## SUPPLIED ENTRIES
-- Opening Marker --
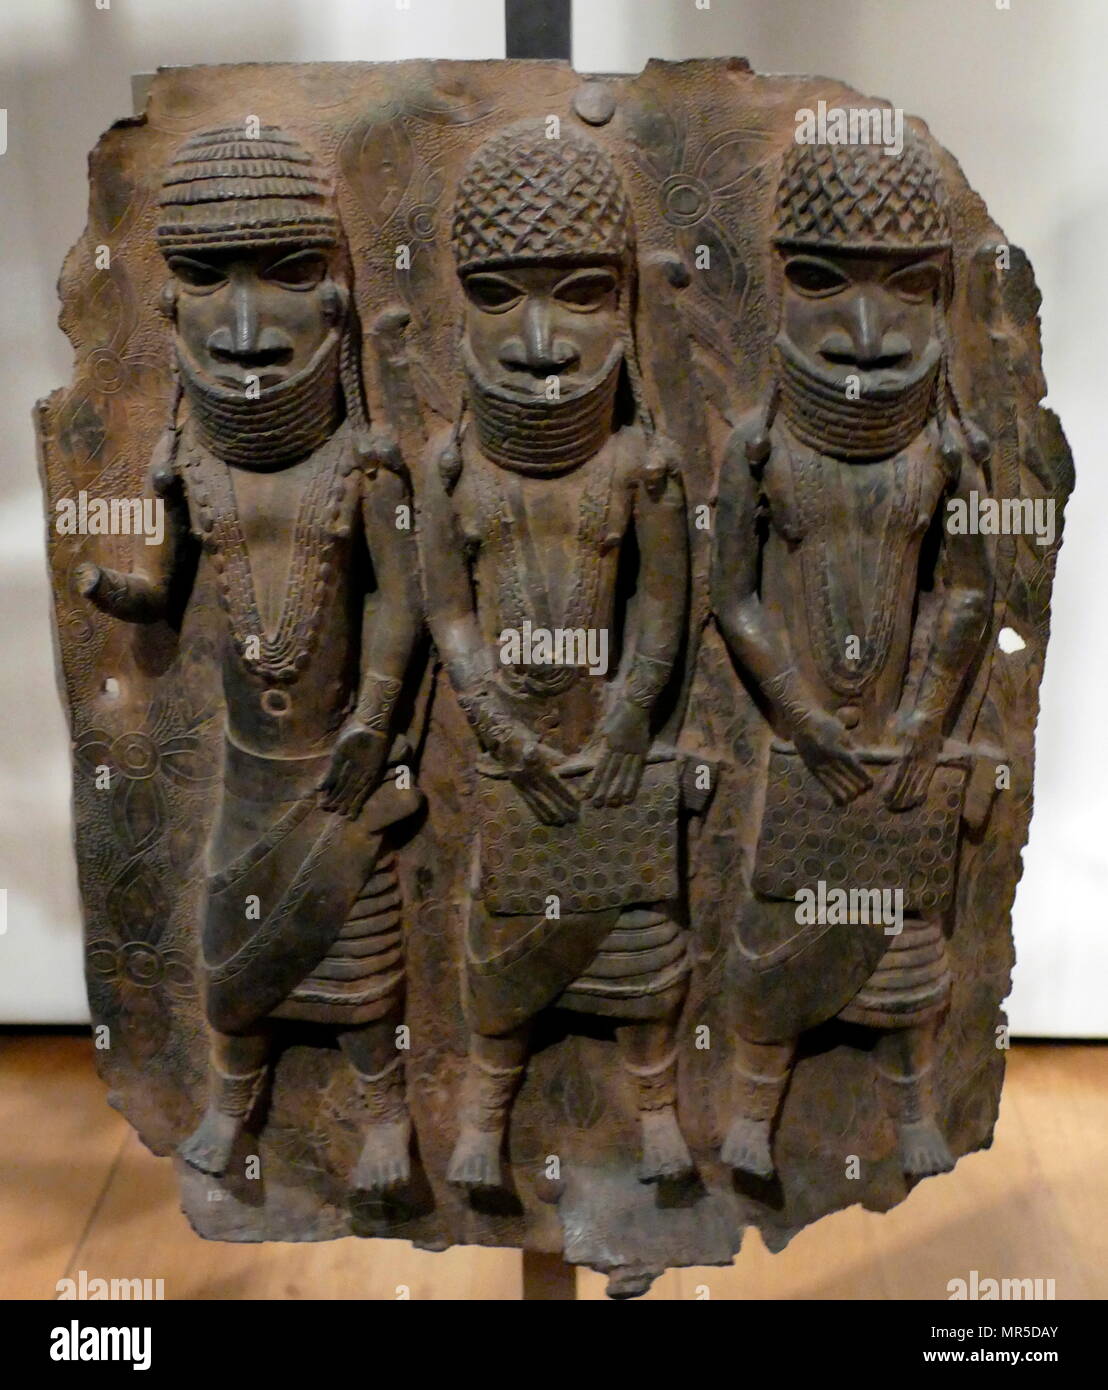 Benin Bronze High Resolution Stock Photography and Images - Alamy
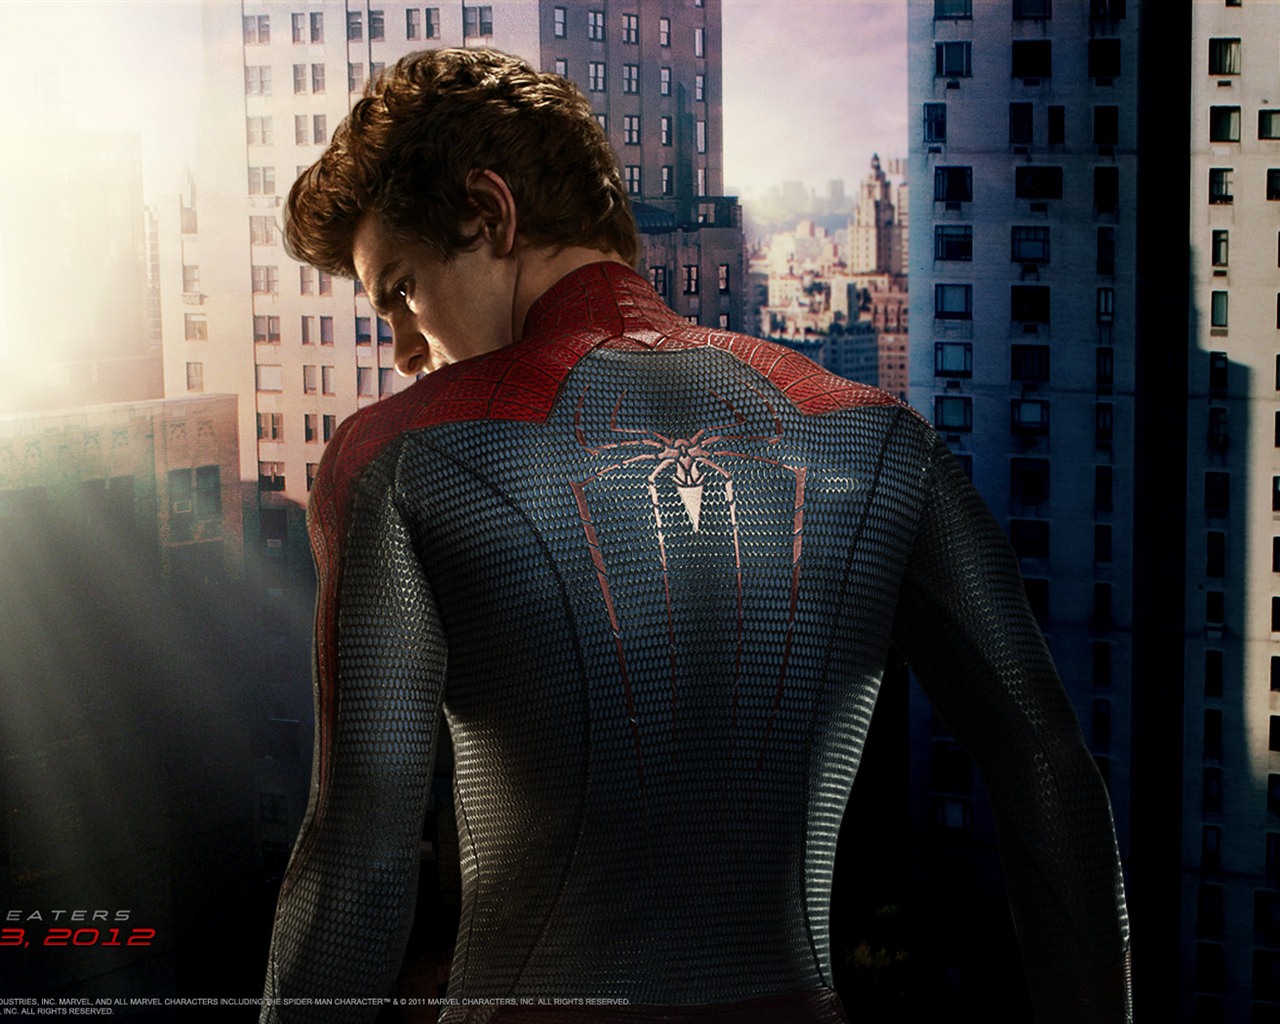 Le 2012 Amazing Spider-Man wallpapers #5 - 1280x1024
-- Closing Marker --
-- Opening Marker --
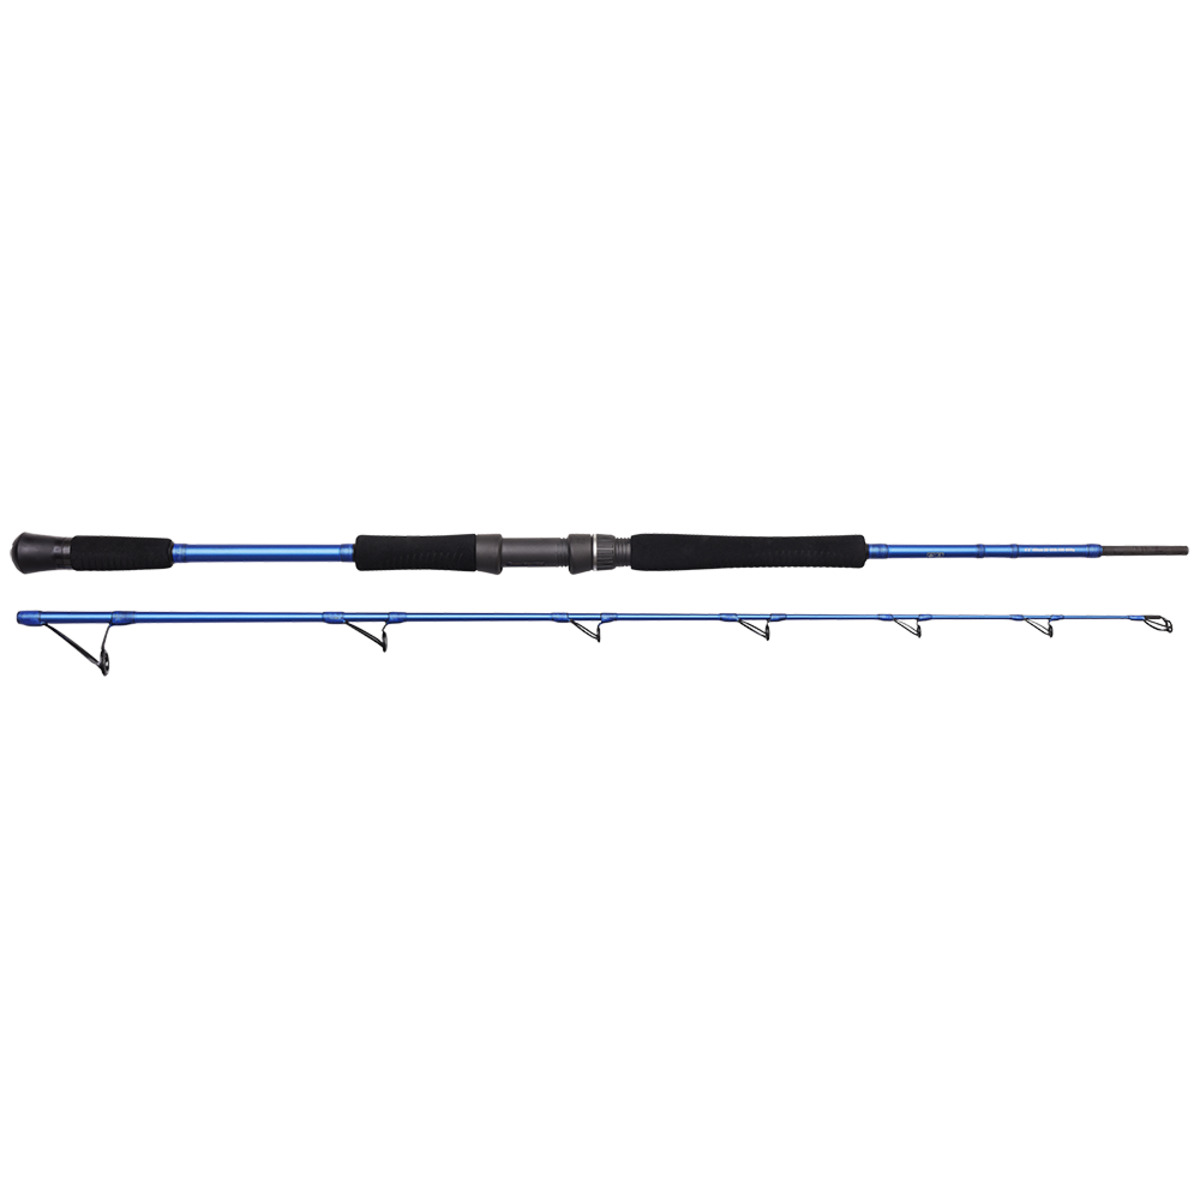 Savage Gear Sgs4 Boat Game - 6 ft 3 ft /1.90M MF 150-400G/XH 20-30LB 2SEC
-- Closing Marker --
Please output the lines above beginning at the line with "Benin Bronze High" and ending after the line with "Le 2012 Amazing", precisely as written and with no pictures.

 Benin Bronze High Resolution Stock Photography and Images - Alamy
 Le 2012 Amazing Spider-Man wallpapers #5 - 1280x1024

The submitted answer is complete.